The Lanczos Method

By: Matt Piekenbrock, Posted: Oct 15, 2023, ~15 min read

mathlinear algebramatrix decompositions

Central to the theory of matrix factorization is the spectral theorem, which provides conditions under which a linear operator $A : \mathbb{R}^n \to \mathbb{R}^n$ can be diagonalized in terms of its eigenvectors:

A = U \Lambda U^{-1}

When

A

is symmetric, the eigen-decomposition is not only guaranteed to exist, but its canonical form may be obtained via orthogonal diagonalization. Such matrices are among the most commonly encountered matrices in applications.
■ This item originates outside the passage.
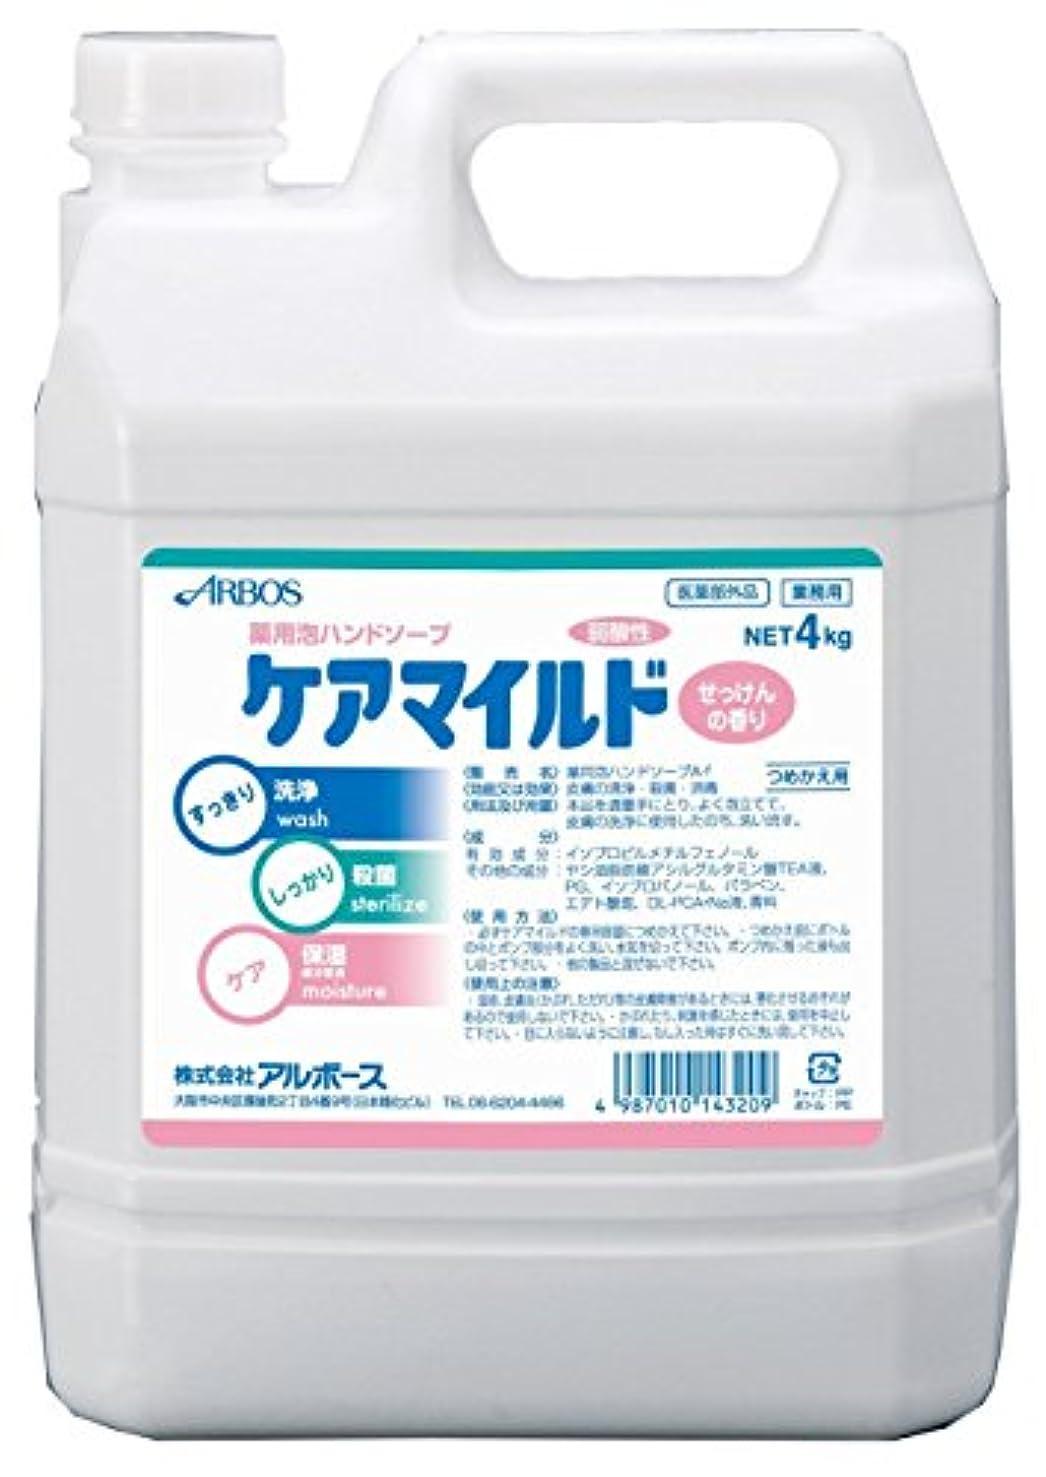 誕生僕の鹿薬用泡ハンドソープ ケアマイルド 詰め替え用 4L (4本入り)

In 1950, Cornelius Lanczos proposed an algorithm for obtaining by different kind of factorization of $A \in \mathrm{Sym}_n$ by means of tri-diagonalization:

AQ = Q T \quad \Leftrightarrow \quad Q^T A Q = T

Like the eigen-decomposition, the “outer” term(s) $Q$ orthogonally project $A$ to a highly structured “inner” matrix $T$ . Unlike the eigen-decomposition, this factorization has no canonical form and does not readily yield the eigensets of $A$ , prompting questions of its utility.

Nonetheless, this decomposition ended up proving to be one of the most revealing spectral decompositions of all time. Despite its age, Lanczos’ method of tridiagonalization remains the standard algorithm¹ for both computing eigensets and solving linear systems in the large-scale regime. An IEEE guest editorial places it among the top 10 most influential algorithms of the 20th century.
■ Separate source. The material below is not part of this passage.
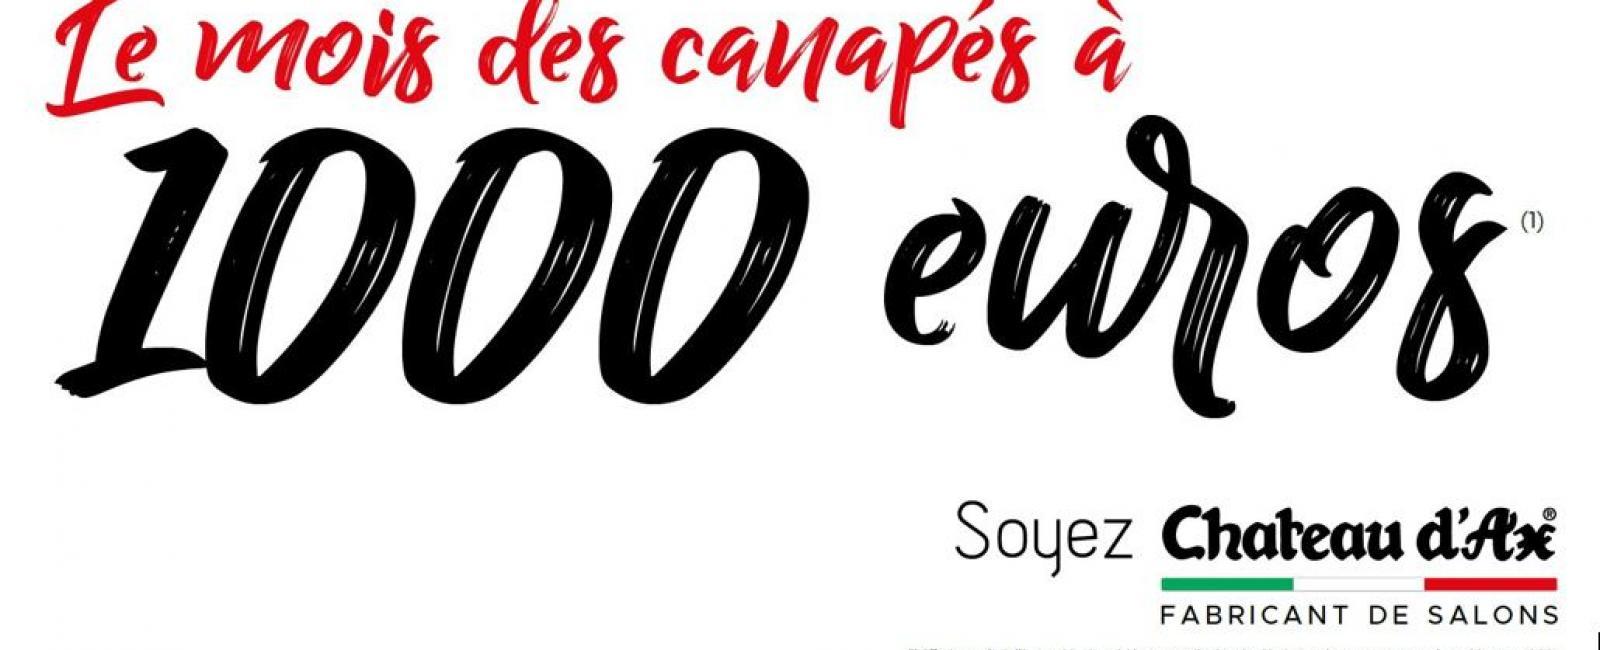 LE MOIS DES CANAPES A 1000€ DU 24/08 AU 05/10/2020 !

Lanczos on a bumper sticker

Given any non-zero $v \in \mathbb{R}^n$ , Lanczos generates a Krylov subspace via successive powers of $A$ :

\mathcal{K}(A, v) \triangleq \{ \, A^{0} v, A^{1}v, A^{2}v, \dots, A^{n}v \, \}

These vectors are linearly independent, so orthogonalizing them yields not only an orthonormal basis for $\mathcal{K}(A, v)$ but also a change-of-basis $Q$ , re-parameterizing $A$ by a new matrix $T$ :

\begin{align*} K &= [\, v \mid Av \mid A^2 v \mid \dots \mid A^{n-1}v \,] && \\ Q &= [\, q_1, q_2, \dots, q \,] \gets \mathrm{qr}(K) && \\ T &= Q^T A Q && \end{align*}

Since $A$ is symmetric, $T$ is guaranteed to have a symmetric tridiagonal structure:

T = \mathrm{tridiag} \Bigg( \begin{array}{ccccccccc} & \beta_2 & & \beta_3 & & \cdot & & \beta_n & \\ \alpha_1 & & \alpha_2 & & \cdot & & \cdot & & \alpha_n \\ & \beta_2 & & \beta_3 & & \cdot & & \beta_n & \end{array} \Bigg)
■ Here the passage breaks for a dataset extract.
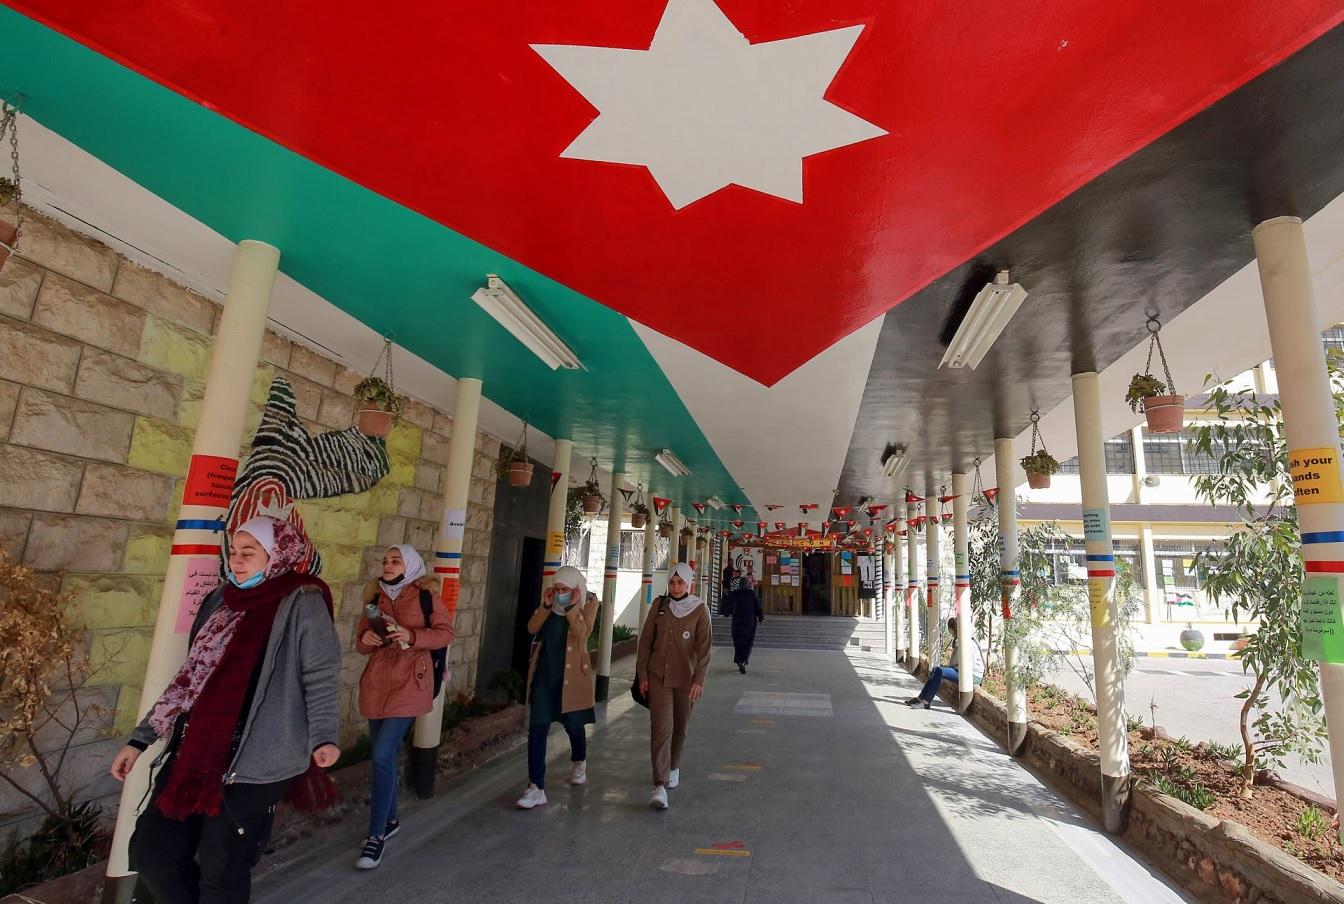 Jordan decides to cancel all forms of ban, open sectors and return schools

Since $Q$ spans $\mathcal{K}(A, v) = \mathrm{range}(A)$ , the change-of-basis $A \mapsto Q^{-1} A Q$ is a similarity transform—an equivalence relation on $\mathrm{Sym}_n$ —thus we can obtain $\Lambda$ by diagonalizing $T$ :

T = Y \Lambda Y^T

As $T$ is quite structured, it is easy to diagonalize, and in doing so we have effectively solved the eigenvalue problem for $A$ .

To quote the Lanczos introduction from Parlett, could anything be more simple?

The “iteration” part

Lanczos originally referred to his algorithm as the method of minimized iterations, and indeed nowadays it is often considered an iterative method. Where’s the iterative component?

If you squint hard enough, you can deduce that for every $j \in [1, n)$ :

A Q_j = Q_j T_j + \beta_{j+1} q_{j+1} e_{j}^T

Equating the $j$ -th columns on both sides and rearranging yields a three-term recurrence:

\begin{align*} A q_j &= \beta_{j\text{-}1} q_{j\text{-}1} + \alpha_j q_j + \beta_j q_{j+1} \\ \Leftrightarrow \quad \beta_{j} \, q_{j+1} &= A q_j - \alpha_j \, q_j - \beta_{j\text{-}1} \, q_{j\text{-}1} \end{align*}

The equation above is a variable-coefficient second-order linear difference equation, and it is known such equations have unique solutions; they are given below:

\alpha_j = q_j^T A q_j, \;\; \beta_j = \lVert r_j \rVert_2, \;\; q_{j+1} = r_j / \beta_j

\text{where } r_j = (A - \alpha_j I)q_j - \beta_{j\text{-}1} q_j

In other words, if ( $q_{j\text{-}1}, \beta_j, q_j$ ) are known, then ( $\alpha_j$ , $\beta_{j+1}, q_{j+1}$ ) are completely determined. In theory, this means we can iteratively generate both $Q$ and $T$ using just a couple vectors at a time—no explicit QR call needed. Pretty nifty, eh!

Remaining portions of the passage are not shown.